If you ask any Idaho state politician about the No. 1 issue affecting their constituents, they will tell you “education.” It’s on their websites, their social media channels, and on every piece of paper they hand out at the door. The answer has become almost automatic. No matter what part of the state you live in, you will likely get the same answer.
I think it’s a great answer. Especially in a place like Idaho and my home of Bonner County where the poverty rates are above the national average. Receiving a quality education is the ticket out of poverty and into family-supporting jobs. That leads to stronger, more self-sufficient communities and ultimately a stronger state. Investing in education not only leads people into prosperity, but away from drugs, crime, social services, and all the other troubles that disproportionately afflict people living in poverty.
The problem is, our politicians talk a good game when it comes to improving education in Idaho, but they never back it up where it counts: at the Statehouse. You’ve all seen the numbers: Idaho is 50th in the nation in per-pupil investments. Idaho’s rural teachers earn some of the lowest salaries in the country.
Until 2006 the funding for education in Idaho included a statewide property tax levy. In 2006 the state dropped the property tax and enacted a 1% sales tax increase to 6%. Ever since then the gap between what the state provides and the cost of public education has been growing steadily.
The gap is now a third of the cost of public education. Virtually every school district in the state is asking hardworking, middle-income Idahoans to shoulder an ever-increasing local property tax burden to fund the gap. Some districts have a large assessed property tax base and can raise substantial funds to fill the gaps with a minimum property tax levy. Other districts either do not have the tax base or do not have the voter support to raise levy monies. “Have” districts like Blaine County or West Ada move ahead while “have not” districts like Boundary or West Bonner in northern Idaho fall further behind.
In Idaho, our state guarantees an “adequate and equitable education.” But the quality of education a kid receives in Idaho is very much dependent on where their family lives. Do they happen to live in a “have” district or “have-not” district? It’s not right. It’s not fair. But this is the current reality.
The end result is easy to predict.

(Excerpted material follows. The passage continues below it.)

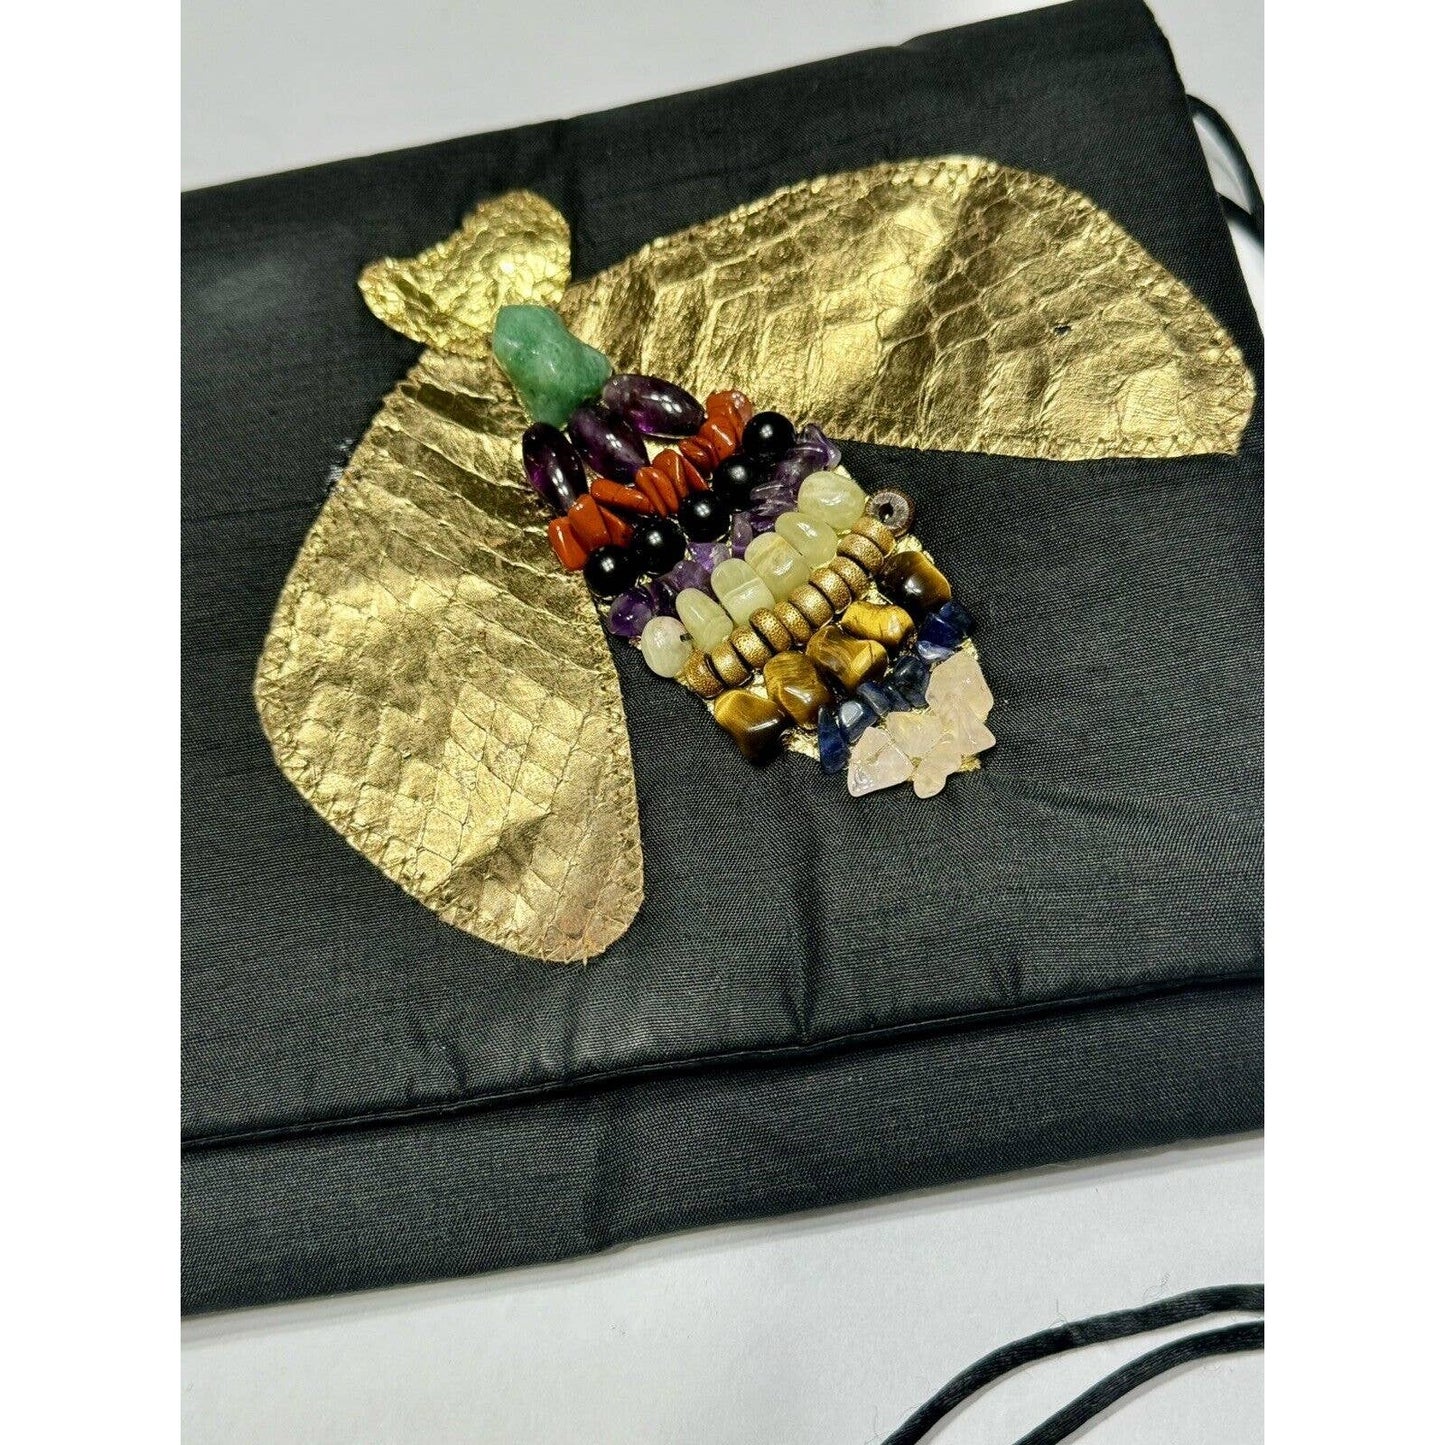 Opulant ContainersVintage Opulent Containers Bee Pouch With Semi Precious Stones Handbag Crossbody - Black Dog Vintage

Last year, Idaho left 6,300 STEM-related jobs unfilled, which resulted in $412 million in unclaimed wages. Many of those jobs could have gone to kids right out of high school with the right training. Many others could be filled with just a certificate program or two-year degree. Those wages should have gone into the pockets of Idahoans but didn’t. Nearly half-a-billion dollars could put a big dent in the poverty level in our great state, while giving our kids a fair shot at prosperity here at home.
The politicians will tell you that Idaho students outperform the substandard investments we make in our schools. This argument is based on test scores and similar measures. However, Idaho families are not interested in test scores if it doesn’t lead to family-supporting jobs for their kids. When it comes to education in Idaho – or any other state for that matter – the bottom line is the bottom line.

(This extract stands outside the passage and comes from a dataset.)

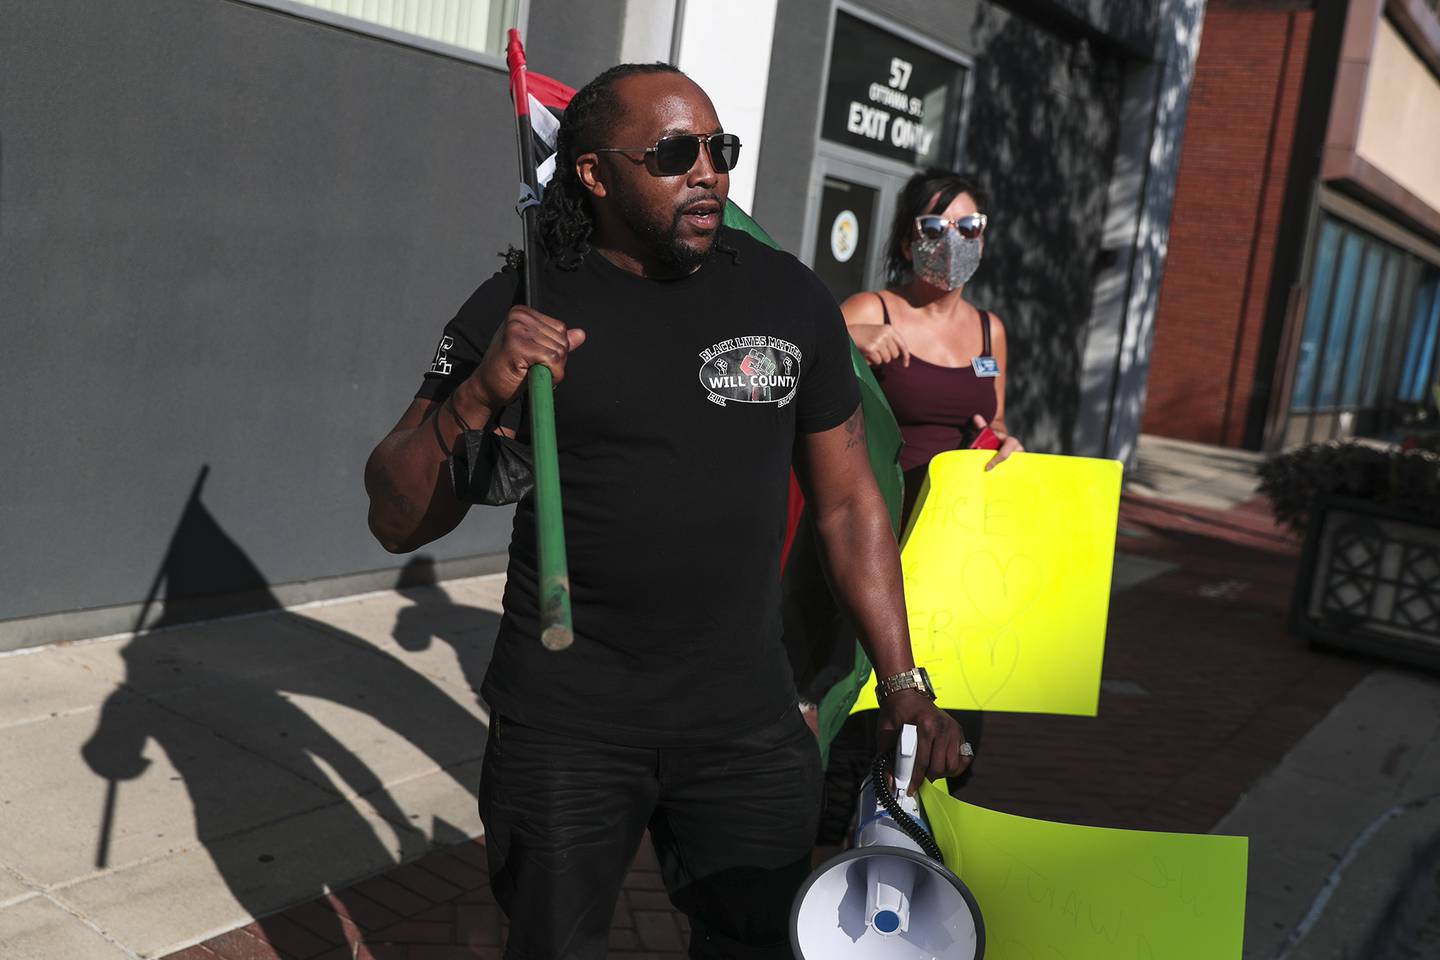 Joliet Black Lives Matter activist Karl Ferrell marches to call for further investigation into the death of Eric Lurry, a Joliet resident who died while in police custody, on Friday, Sept. 17, 2021, outside of the District AttorneyÕs Office in Joliet, Ill.

I love Idaho and Bonner County. I’ve made a good life with my family in our great state. However, too many years have gone by with our elected state leaders failing to address Idaho’s education and jobs crisis. That’s why I am supporting Reclaim Idaho’s “Invest in Idaho” citizen ballot initiative. It aims to bring investments of $170 million to $200 million every year into our public schools. Those are badly needed investments that will help make teacher salaries competitive, improve our state’s career-technical programs and give our kids the skills they need to compete for those thousands of family-supporting jobs that go unfilled every year in Idaho. It’s a bold plan for a system that desperately needs one.
This past session, dozens of our elected leaders denigrated the constitutional right of Idahoans to bring ballot initiatives. The next time they do that, they ought to remember their own constitutional duty to “provide a general, uniform, and thorough system of public, free common schools.”
Reclaim Idaho’s ballot initiative could fulfill both duties, and make Idaho stronger, safer and more prosperous at the same time.
Gary Suppiger is a member of the Lake Pend Oreille School District board of trustees.